Closed agui2200 closed 1 year ago
Yeah, I think I found the same problem. Was testing a proxy which uses this library:
goroutine 1298 [IO wait, 9 minutes]:
internal/poll.runtime_pollWait(0x7f6072fcaad0, 0x72)
/home/jsn/sdk/go1.19.3/src/runtime/netpoll.go:305 +0x89
internal/poll.(*pollDesc).wait(0xc00105f480?, 0xc001468000?, 0x0)

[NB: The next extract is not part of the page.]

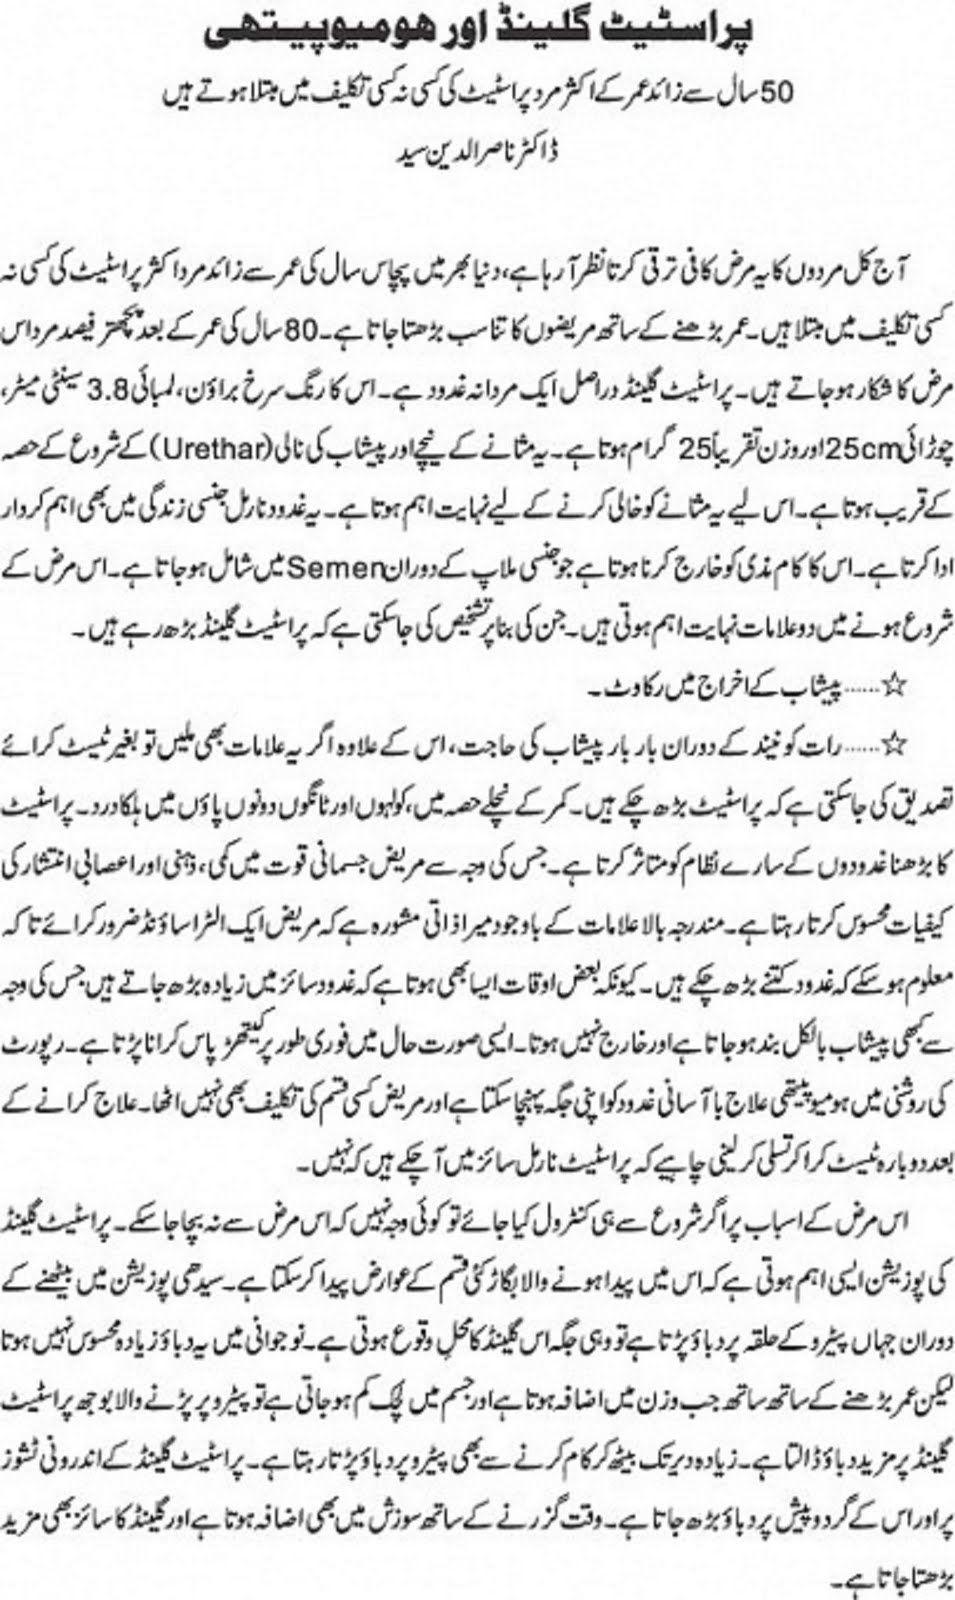 Image result for homeopathic medicine list in urdu Essay

/home/jsn/sdk/go1.19.3/src/internal/poll/fd_poll_runtime.go:84 +0x32
internal/poll.(*pollDesc).waitRead(...)
/home/jsn/sdk/go1.19.3/src/internal/poll/fd_poll_runtime.go:89
internal/poll.(*FD).Read(0xc00105f480, {0xc001468000, 0xa000, 0xa000})
/home/jsn/sdk/go1.19.3/src/internal/poll/fd_unix.go:167 +0x25a
net.(*netFD).Read(0xc00105f480, {0xc001468000?, 0xc000c45000?, 0xc00146ffc3?})

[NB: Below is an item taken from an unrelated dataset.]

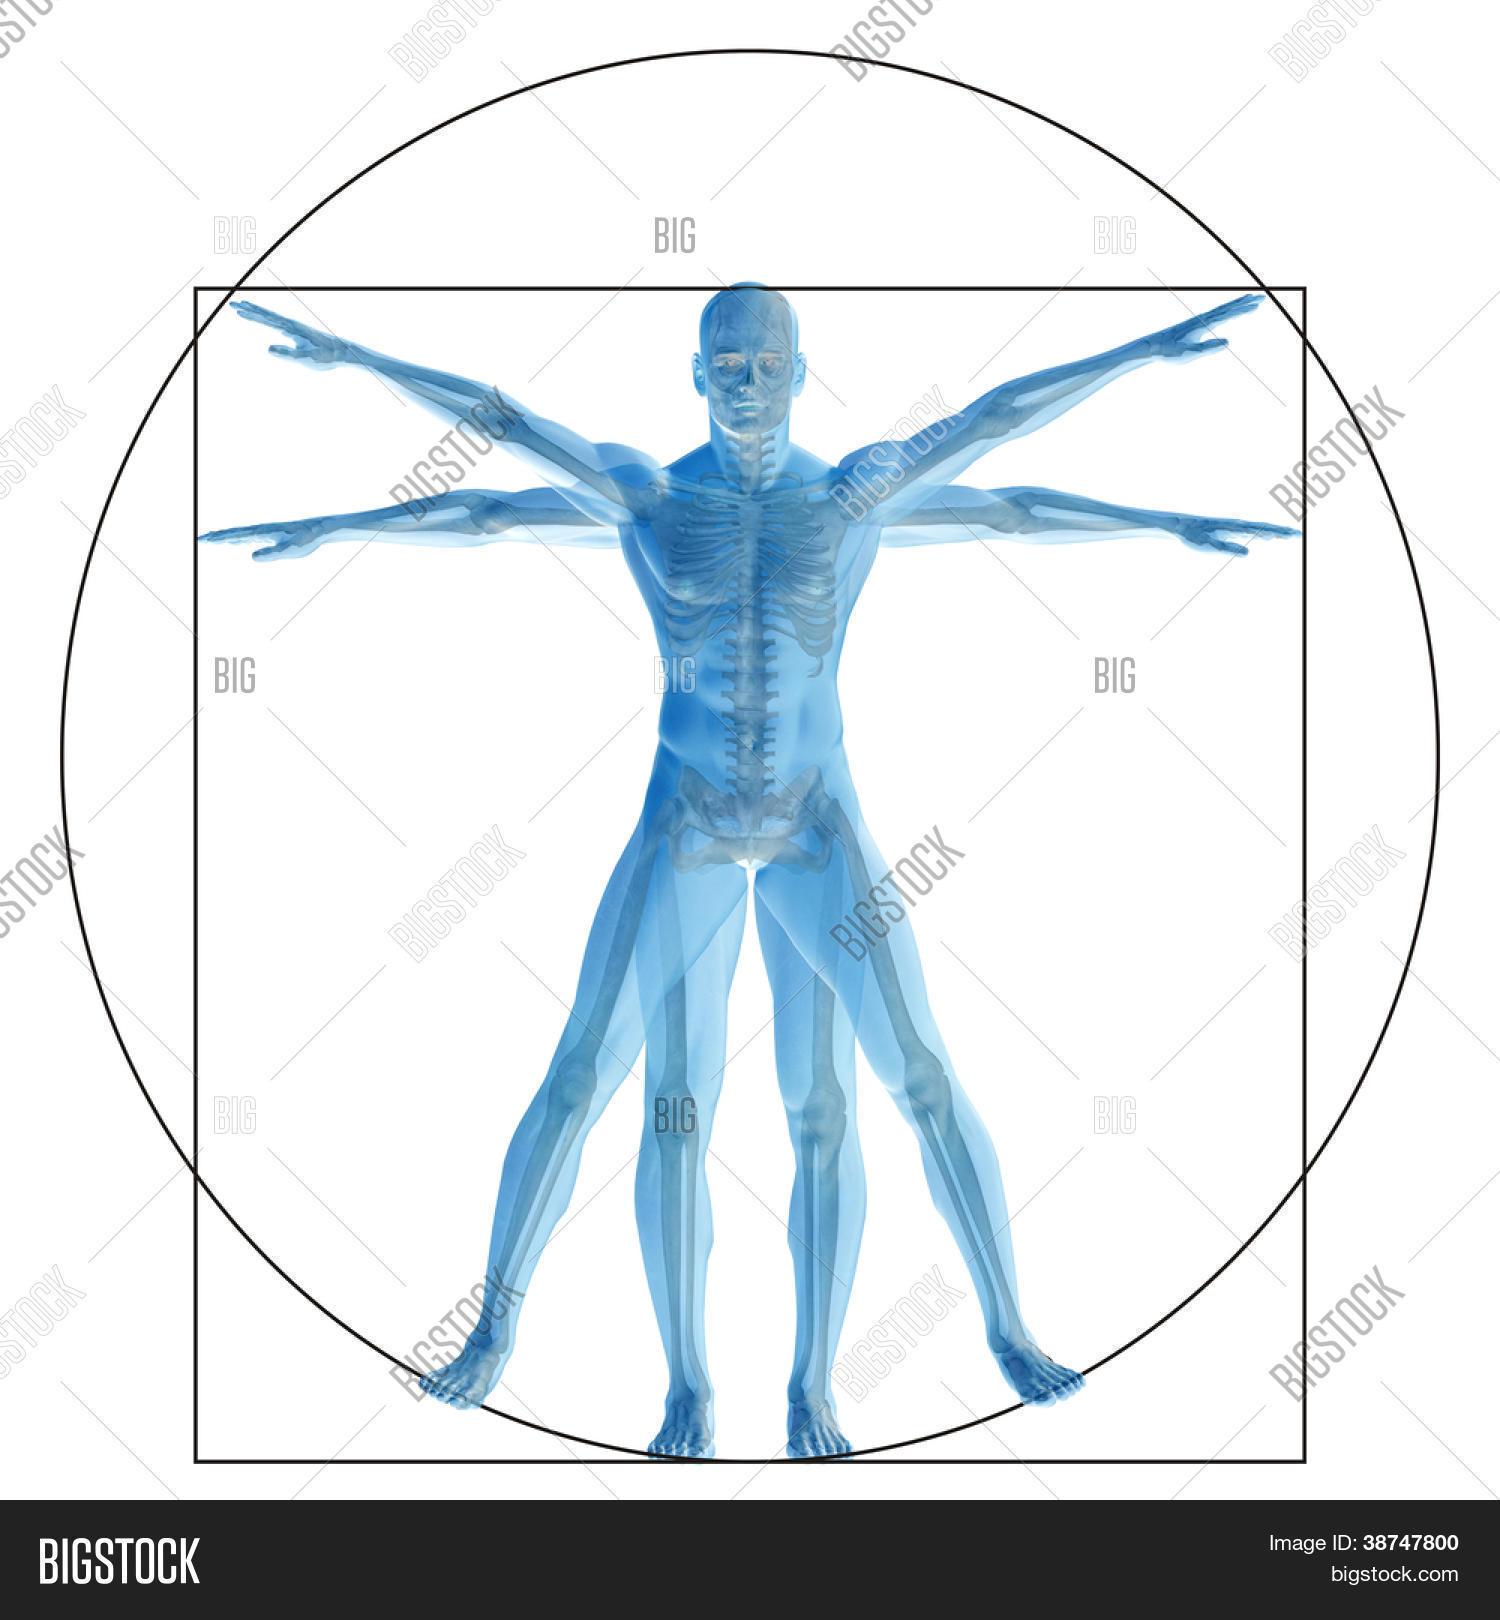 High Resolution Vitruvian Human Or Man As Conceptmetaphor Or

/home/jsn/sdk/go1.19.3/src/net/fd_posix.go:55 +0x29
net.(*conn).Read(0xc0001342a0, {0xc001468000?, 0xc001124828?, 0xc001124808?})
/home/jsn/sdk/go1.19.3/src/net/net.go:183 +0x45
github.com/bogdanfinn/utls.(*atLeastReader).Read(0xc00115d5f0, {0xc001468000?, 0x0?, 0x4a5908?})

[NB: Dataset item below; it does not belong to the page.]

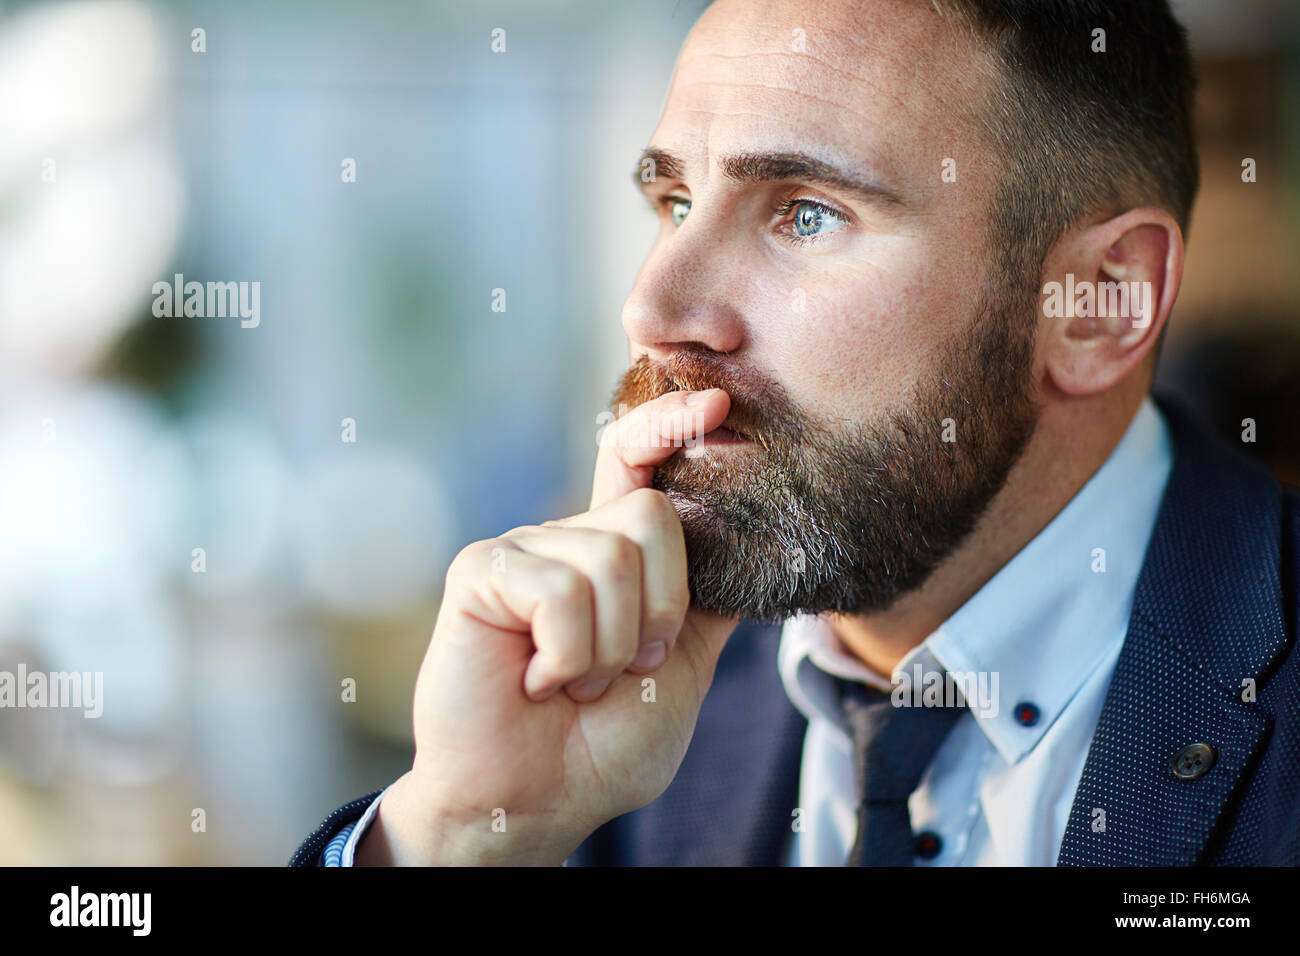 Pensive man touching his chin - Stock Image

/home/jsn/go/pkg/mod/github.com/bogdanfinn/utls@v1.5.15/conn.go:791 +0x3d
bytes.(*Buffer).ReadFrom(0xc0011322b0, {0xa60940, 0xc00115d5f0})
/home/jsn/sdk/go1.19.3/src/bytes/buffer.go:202 +0x98
github.com/bogdanfinn/utls.(*Conn).readFromUntil(0xc001132000, {0xa60be0?, 0xc0001342a0}, 0x7f607b9c1fff?)
/home/jsn/go/pkg/mod/github.com/bogdanfinn/utls@v1.5.15/conn.go:813 +0xe5
github.com/bogdanfinn/utls.(*Conn).readRecordOrCCS(0xc001132000, 0x0)
/home/jsn/go/pkg/mod/github.com/bogdanfinn/utls@v1.5.15/conn.go:620 +0x116
github.com/bogdanfinn/utls.(*Conn).readRecord(...)
/home/jsn/go/pkg/mod/github.com/bogdanfinn/utls@v1.5.15/conn.go:586
github.com/bogdanfinn/utls.(*Conn).Read(0xc001132000, {0xc00117b000, 0x1000, 0xc000dea060?})
/home/jsn/go/pkg/mod/github.com/bogdanfinn/utls@v1.5.15/conn.go:1300 +0x16f
bufio.(*Reader).Read(0xc000dea000, {0xc000c19df8, 0x9, 0xc000c78ce8?})
/home/jsn/sdk/go1.19.3/src/bufio/bufio.go:237 +0x1bb
io.ReadAtLeast({0xa60360, 0xc000dea000}, {0xc000c19df8, 0x9, 0x9}, 0x9)
/home/jsn/sdk/go1.19.3/src/io/io.go:332 +0x9a
io.ReadFull(...)
/home/jsn/sdk/go1.19.3/src/io/io.go:351
github.com/bogdanfinn/fhttp/http2.readFrameHeader({0xc000c19df8?, 0x9?, 0xc00139e390?}, {0xa60360?, 0xc000dea000?})
/home/jsn/go/pkg/mod/github.com/bogdanfinn/fhttp@v0.5.19/http2/frame.go:238 +0x6e
github.com/bogdanfinn/fhttp/http2.(*Framer).ReadFrame(0xc000c19dc0)
/home/jsn/go/pkg/mod/github.com/bogdanfinn/fhttp@v0.5.19/http2/frame.go:494 +0x95
github.com/bogdanfinn/fhttp/http2.(*clientConnReadLoop).run(0xc001124fa0)
/home/jsn/go/pkg/mod/github.com/bogdanfinn/fhttp@v0.5.19/http2/transport.go:2020 +0x165
github.com/bogdanfinn/fhttp/http2.(*ClientConn).readLoop(0xc00114e1a0)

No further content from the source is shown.